Thierry Casasnovas, chantre du cru, l’archétype du dérapeute

Les thérapies alternatives, terrain fertile aux dérives

La Croix du 9 mars 2023, Pascal Charrier

Les assises des 9 et 10 mars 2023 au Ministère de l’Intérieur se pencheront notamment sur les dérives des thérapies alternatives, incarnées entre autres par le naturopathe Thierry Casasnovas, qui fait l’objet d’une enquête judiciaire.

Vendredi 10 mars, des adeptes du « retour vers soi » vont se retrouver à Montescot, un village des Pyrénées-Orientales, pour un stage intitulé « Carême : l’expérience du jeûne et de la détoxication ». Ils seront accueillis par un quadragénaire souriant, Thierry Casasnovas, l’organisateur de cette semaine où se mêlent yoga et bains froids. Son nom est bien connu des participants aux assises des dérives sectaires qui auront lieu les 9 et 10 mars. Ce naturopathe a fait l’objet de plus de 600 saisines de la Mission interministérielle de vigilance et de lutte contre les dérives sectaires (Miviludes), dont 54 en 2021.

La majorité des signalements concernent ses propos diffusés sur Internet. Depuis une douzaine d’années, l’autodidacte né à Perpignan prône le jeûne et la « régénération » par un régime à base d’aliments crus, le crudivorisme, pour soigner ou prévenir cancer ou diabète.

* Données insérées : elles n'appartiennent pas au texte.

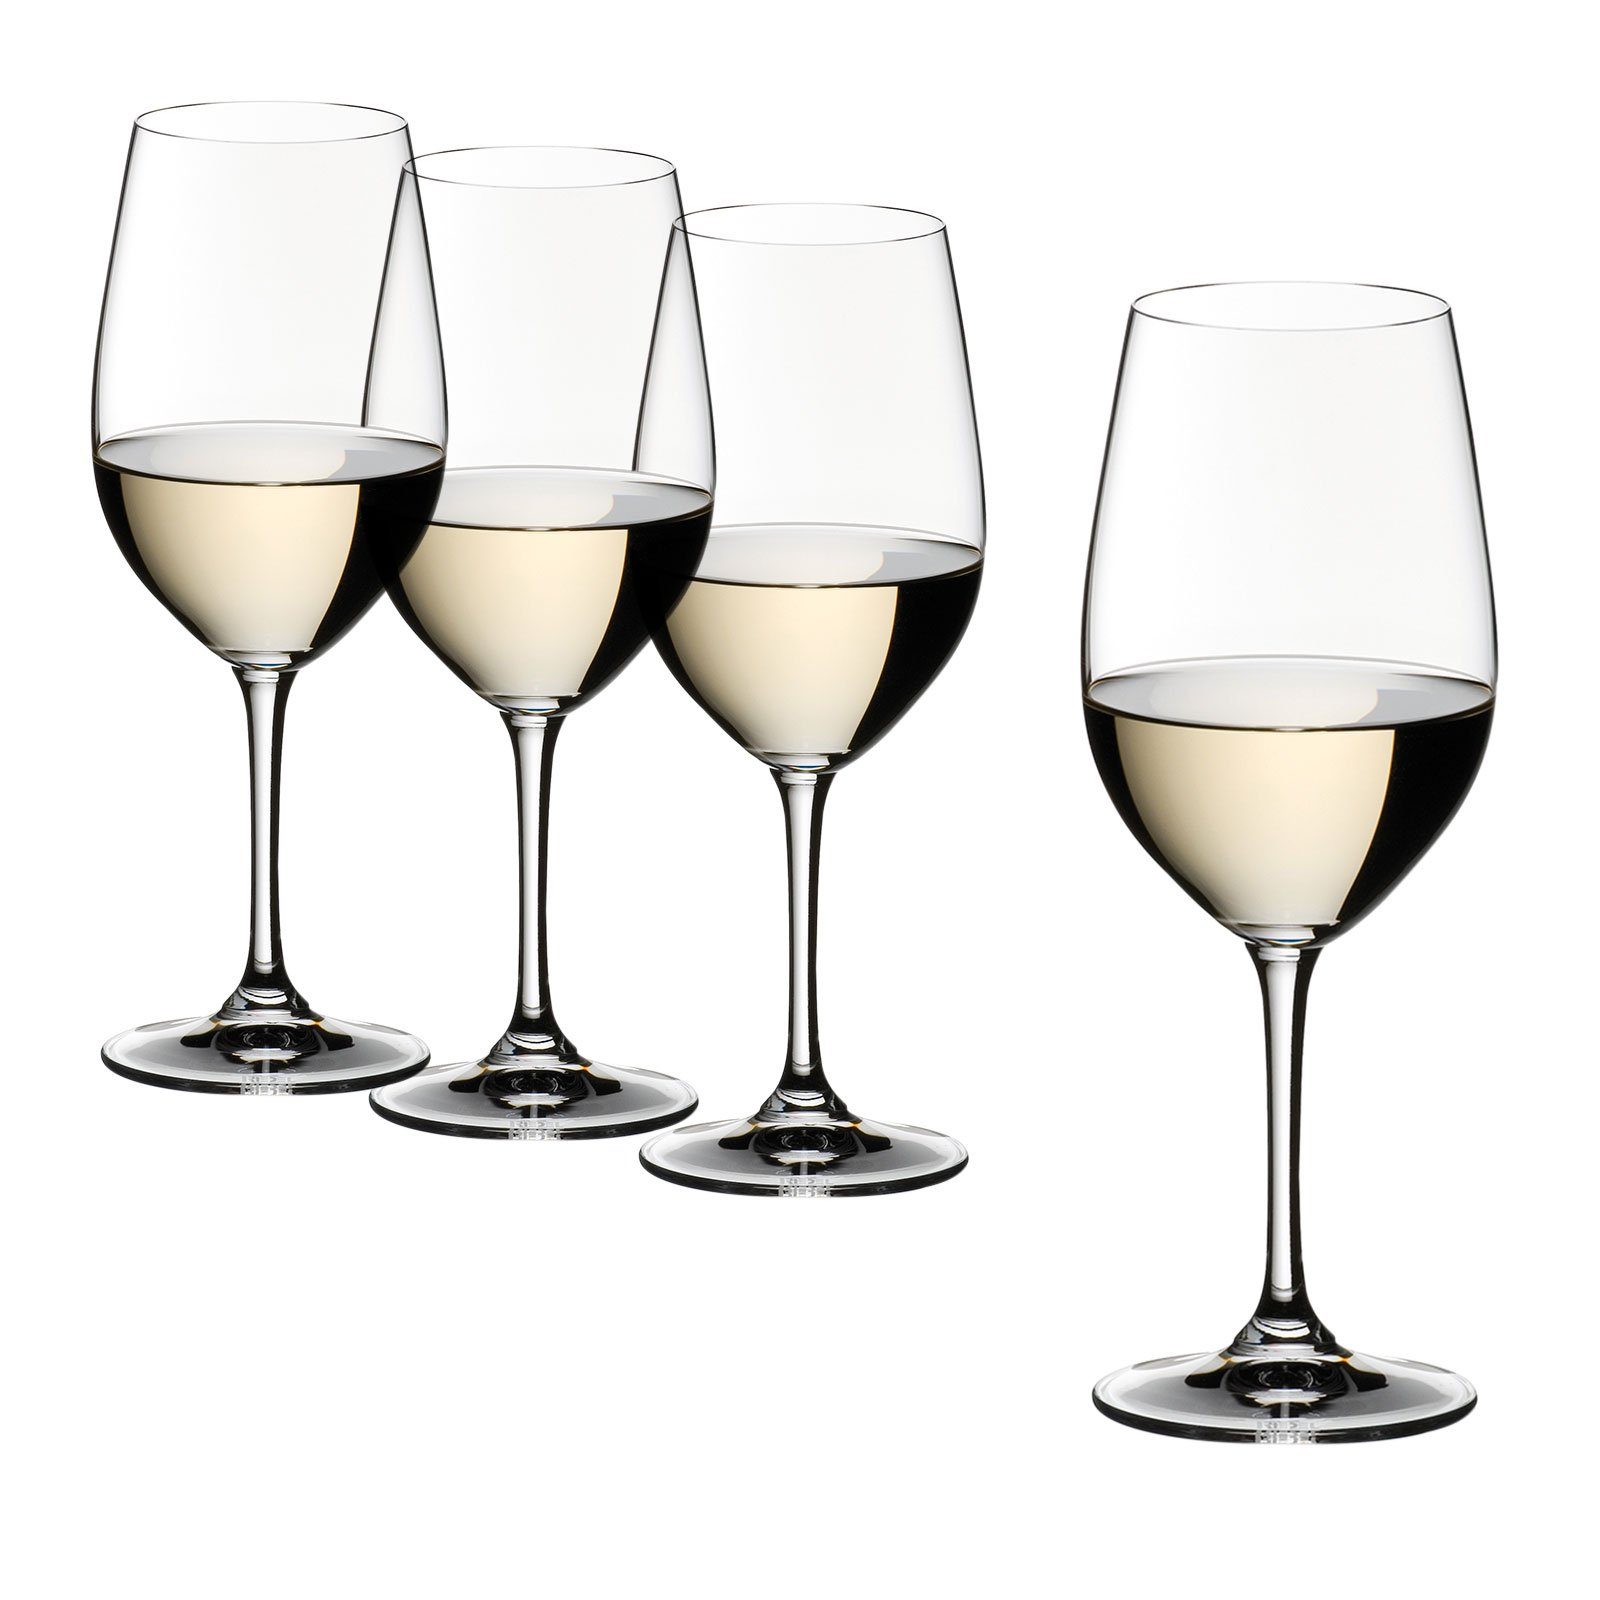 RIEDEL Glas Weinglas Vinum Riesling Zinfandel 4er Set, Kristallglas
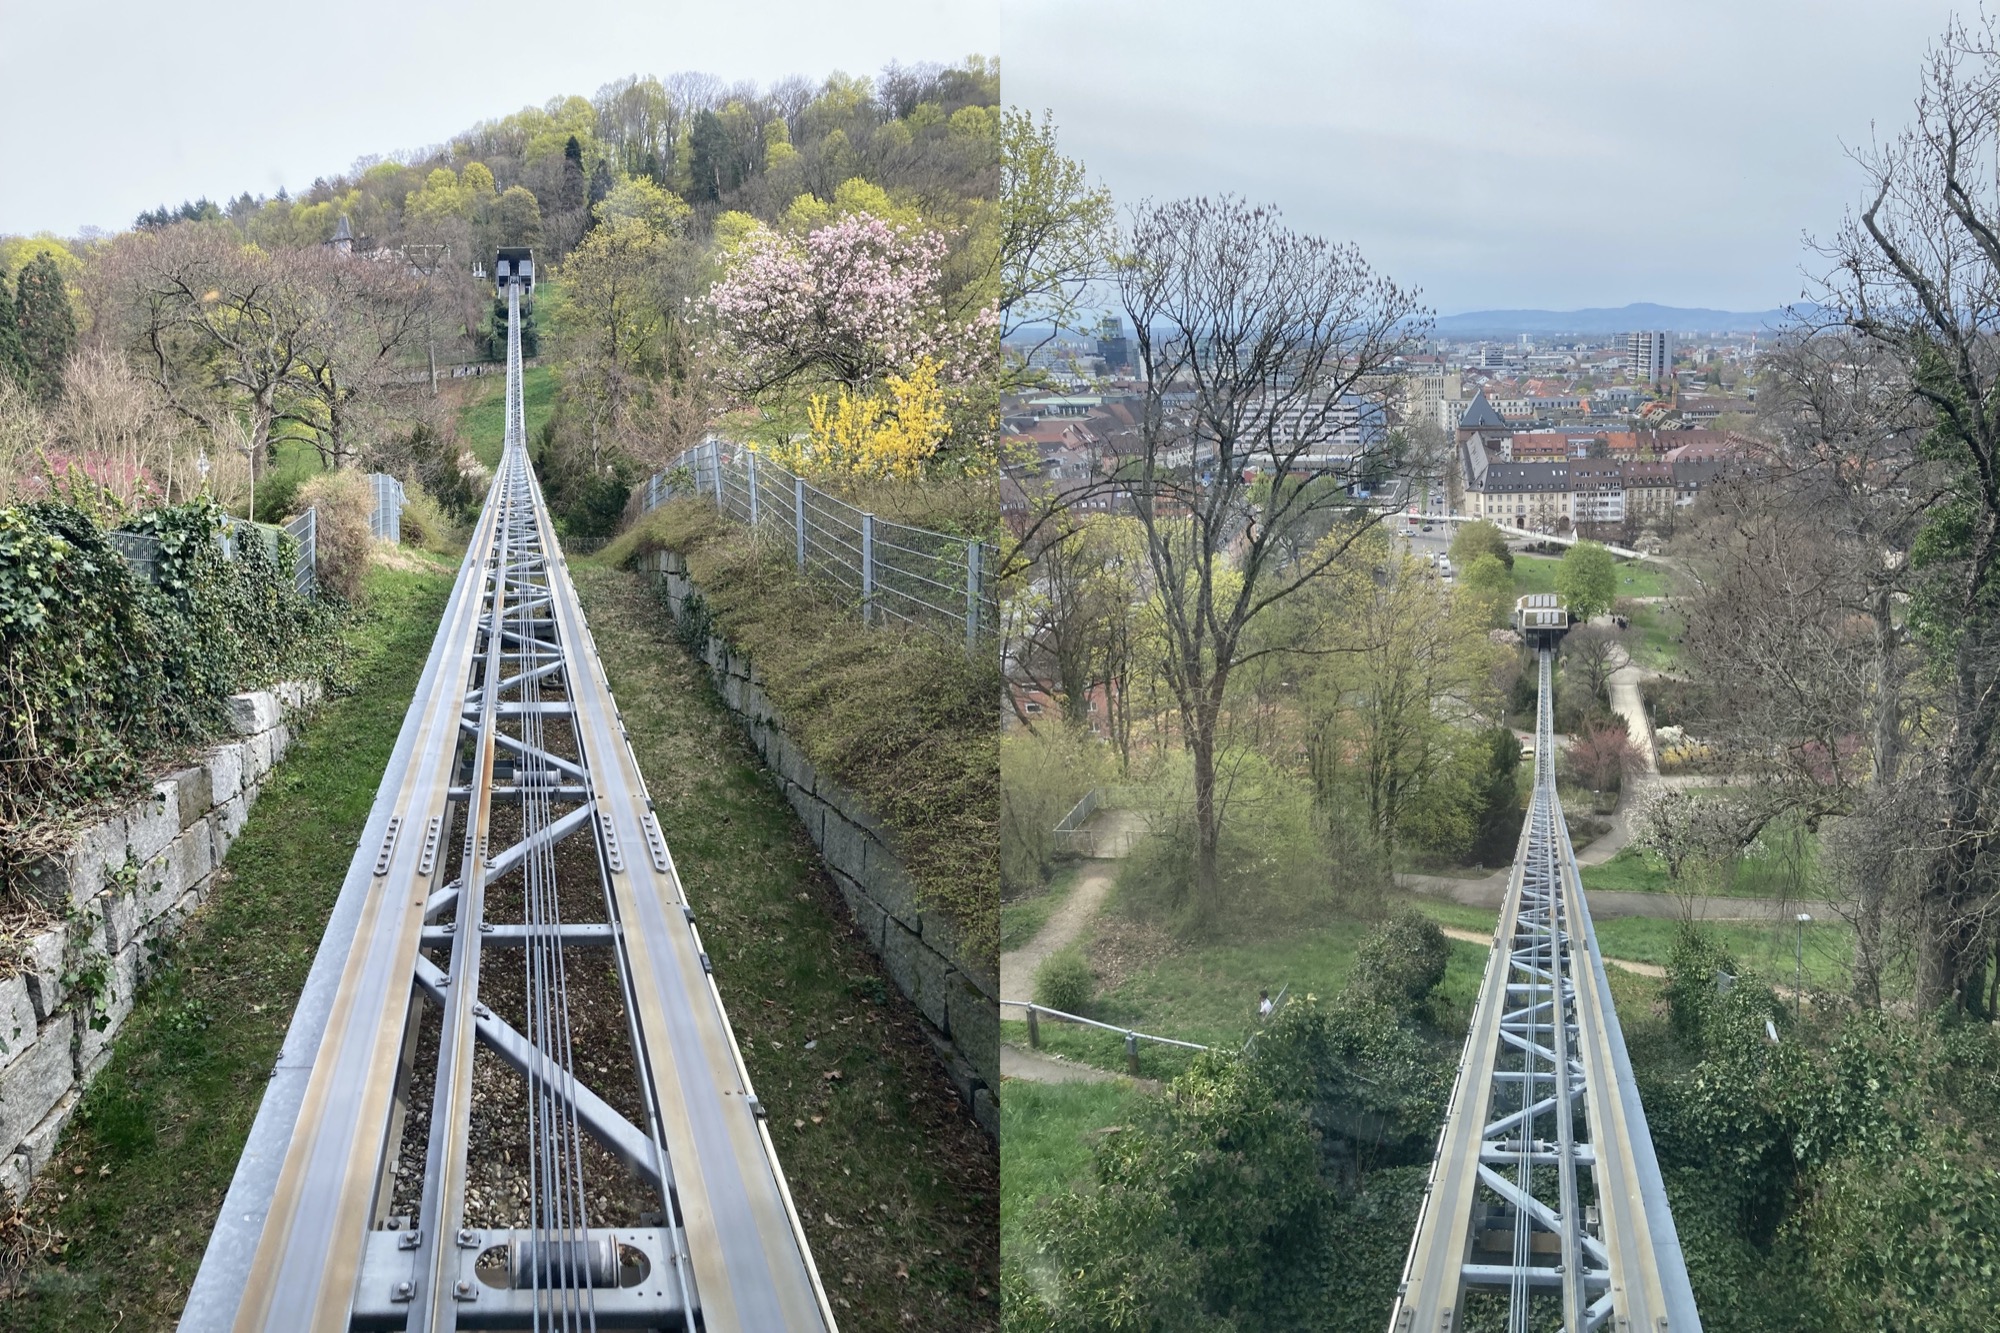 nebeneinander zwei Perspektiven aus der Schlossbergbahn, links von unten nach oben gesehen, neben der Strecke blühende Bäume und Sträucher, rechts von oben nach unten gesehen, im Hintergrund die Freiburger Innenstadt

À l’entendre, les maladies n’existent pas et sont les symptômes d’une mauvaise alimentation. Dans le même temps, il critique la médecine conventionnelle, en proclamant par exemple : « La vaccination ne rend pas plus fort, elle rend plus faible. »

Installé dans les Pyrénées-Orientales, Thierry Casasnovas dispense ses conseils principalement sur YouTube, où il compte près de 600 000 abonnés. Alors que les problématiques liées à la santé prennent de plus en plus d’importance pour la Miviludes (en 2021, 744 des 4 020 saisines de l’organisme concernaient ce domaine), les responsables de la lutte contre les dérives sectaires voient dans le Catalan l’archétype du « dérapeute », contraction de dérapage et de thérapeute.

Pour eux, ce type de rhétorique induit un risque d’emprise mentale sur des personnes fragiles, qui pourraient être tentées d’arrêter leurs traitements. Dans son dernier rapport, publié en novembre 2022, la Miviludes explique ainsi avoir reçu de nombreux témoignages qui font « état de situations particulièrement graves ». En août 2020, la justice a ouvert une enquête sur les activités du chantre du cru pour « abus de faiblesse, pratiques commerciales trompeuses et exercice illégal de la médecine ». L’instruction est en cours.

En 2021, une plainte a par ailleurs été déposée contre lui par l’Union nationale des associations de défense des familles et de l’individu victimes de sectes (Unadfi). Contacté par La Croix, Thierry Casasnovas récuse, par mail, toute dérive sectaire. « Le fait de parler de ”risque” de dérive permet à la Miviludes de jeter l’opprobre sur des personnes comme moi et de les disqualifier médiatiquement sans même avoir à prouver quoi que ce soit », écrit-il.

La possibilité de guérir en mangeant cru ou en jeûnant n’a, en tout cas, aucun fondement scientifique. En revanche, les potentiels effets néfastes de ce type de régime sont réels pour les plus vulnérables. En octobre 2021, un autre naturopathe, Miguel Barthéléry, a été condamné à deux ans de prison avec sursis après le décès de deux personnes atteintes de cancer qui suivaient ses conseils. Il a fait appel. En janvier dernier, Éric Gandon a, lui, été mis en examen pour homicide. Une jeune femme est morte lors d’un de ses stages de « jeûne hydrique ».

Thierry Casasnovas n’a pas de formation médicale. Il s’appuie sur son expérience. « Mettre en avant son histoire pour personnifier la preuve que cela marche est un des premiers mécanismes de l’adhésion, analyse Romy Sauvayre, sociologue des sciences et des croyances à l’université Clermont-Auvergne. Souvent, on considère que la personne qui va adhérer à ce type de théorie manque d’esprit critique. Mais cela peut toucher un public plus large qu’on ne le croit, des gens déçus par la médecine conventionnelle ou qui ont peur de ce qu’on leur propose, comme la chimiothérapie. »

Le naturopathe-vidéaste est aussi chef d’entreprise. Il propose un abonnement payant à une partie de ses vidéos – à 5, 10 ou 15 € par mois, selon la formule –, vend des livres, invite à suivre ses formations… Quant au stage « Carême : l’expérience du jeûne et de la détoxication », il en coûtera 1 000 € à chaque participant. La semaine affiche complet.


Thierry Casasnovas est en garde à vue ce jeudi soir 9 mars, a indiqué le procureur de Perpignan.